Он не удивляется, когда его брат с распростертыми объятиями приветствует ее в селении. Он уже привык к безответственности Хаширамы и скорее займется разрешением последующих проблем, нежели потратит свое время на выговор брату. Так что он берет на себя наблюдение за подозрительной куноичи, чье имя Харуно Сакура. Она не лгала во время допроса — он мог сказать по ее чакре — но ее ответы были бессодержательны. Жительница селения столь далекого, что ей не найти дороги назад; осталась без семьи в одной из бесчисленных войн; училась дзюцу у наставницы, которую она не видела уже долгое время; вполне обыденные события, которые могут случиться с кем угодно в их время.

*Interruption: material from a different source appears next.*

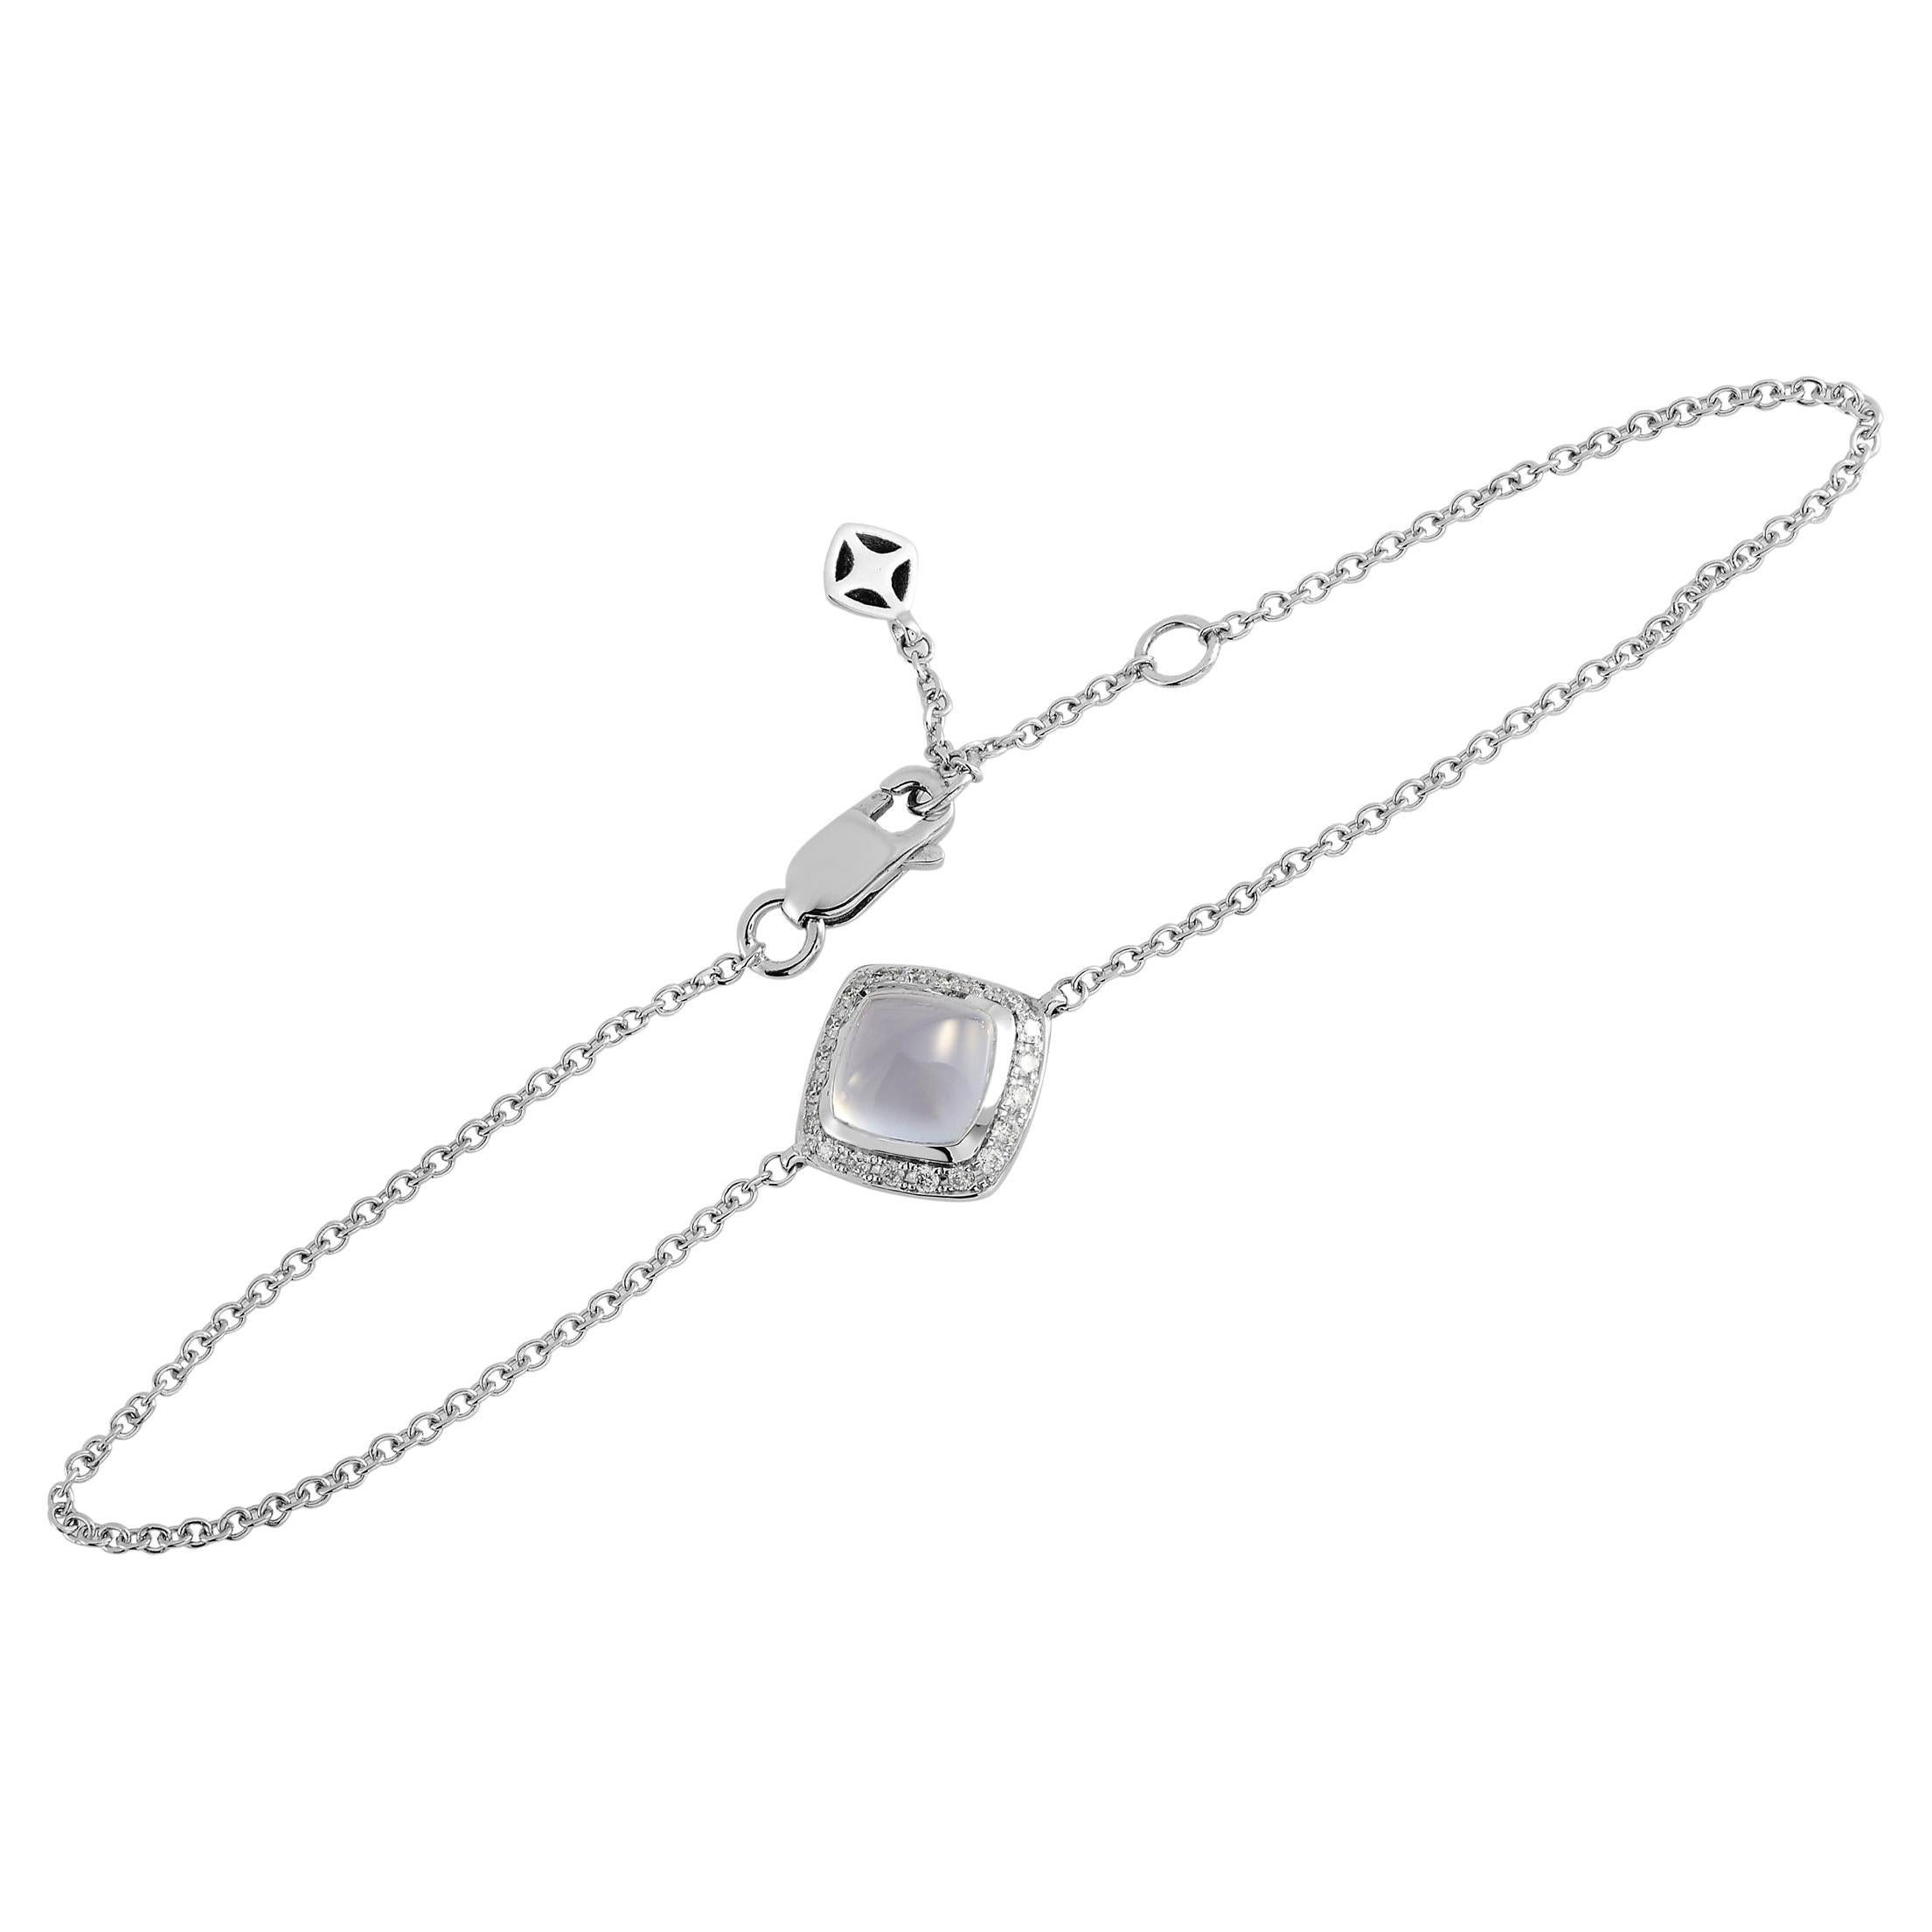 Fred of Paris Pain De Sucre 18K White Gold 0.10 Ct Diamond and Chalcedony
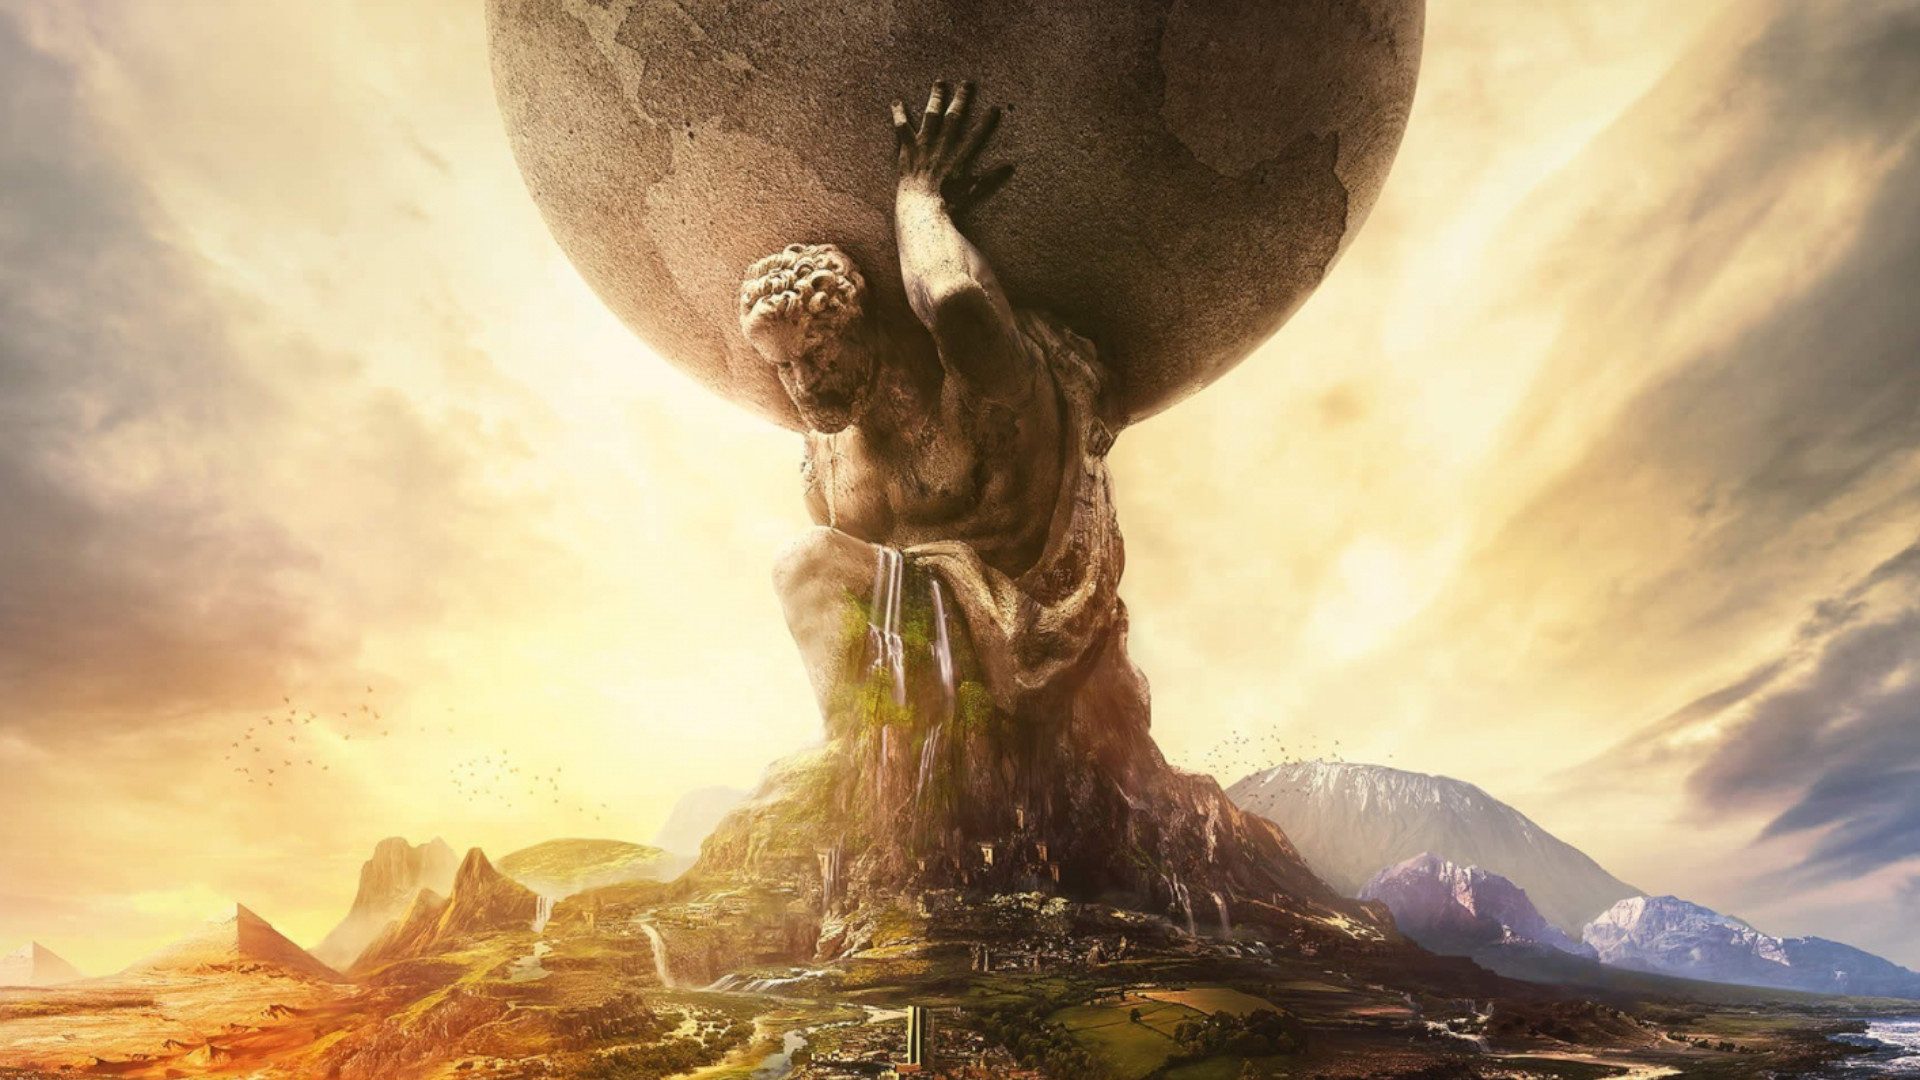 A Civilization fan is using Minecraft to remake all of Civ 6’s world wonders

И это не считая ее странного поведения во время ее знакомства с селением. В некоторые моменты она как будто хотела пойти дальше сама, словно знала эти места как свои пять пальцев. Она огорченно смотрела на дома, как будто ожидала увидеть там нечто другое, и чего в них не находила. И все это время глаза ее не покидала тоска.

.

.

.

Шесть месяцев в Конохе, а упоминания достойны только лишь ее прекрасные навыки медика и бойца. Хаширама в восторге, называет ее даром богов — что в целом недалеко от правды, учитывая их первую встречу. Но Тобирама, вечный циник, с трудом верит в ее слова, будто она шиноби. Он видел, как она убивает: быстро, чисто, сразу по жизненно-важным точкам, без колебаний. Такие движения принадлежат кому-то, кто хорошо освоил искусство убивать. Кому-то вроде него. Хотя он никогда не закапывает тела, если не нужно. — Они враги, — шипит он. — В иное время, в иной жизни, — всегда шепчет она, мягко закрывая глаза павшим, — мы могли быть друзьями. В отличие от него, внутри этого сосуда в виде залитой кровью куноичи, все еще дышит добрая душа.

.

.

.

Быть командующим Сакуры значит быть рядом с ней, а быть рядом с ней значит быть готовым к последствиям. Он замечает слишком много. Когда она не делает ничего подозрительного, его разум начинает подмечать струящуюся в его раны успокаивающую чакру; возникающую иногда между ними уютную тишину; мягкий ритм ее смеха; слегка сладковатый запах; гало цвета лепестков, возникающее на ее волосах, когда на них падает свет; блеск ее яблочно-зеленых глаз в моменты счастья. Он смотрит в сторону, пока все еще может.

.

.

.

Она называет брата «Хокаге-сама» на публике, и «Хаширама-сама», когда они свободны от посторонних взглядов. Но для нее он всегда остается «Тобирамой-сама». Она может шутить с ним, дразнить его или вступать в легкую шуточную перепалку, но всегда сохраняет уважительную дистанцию. Они могут идти рядом бок о бок, но их руки никогда не касаются друг друга, даже случайно. Больше ни к кому она не проявляет такой подчеркнутой сдержанности. Барьер, который она возводит, только для него. Он улыбается — с извращенным удовлетворением — потому что он не единственный, кто опасается, что, после того как они пересекут черту, пути назад не будет.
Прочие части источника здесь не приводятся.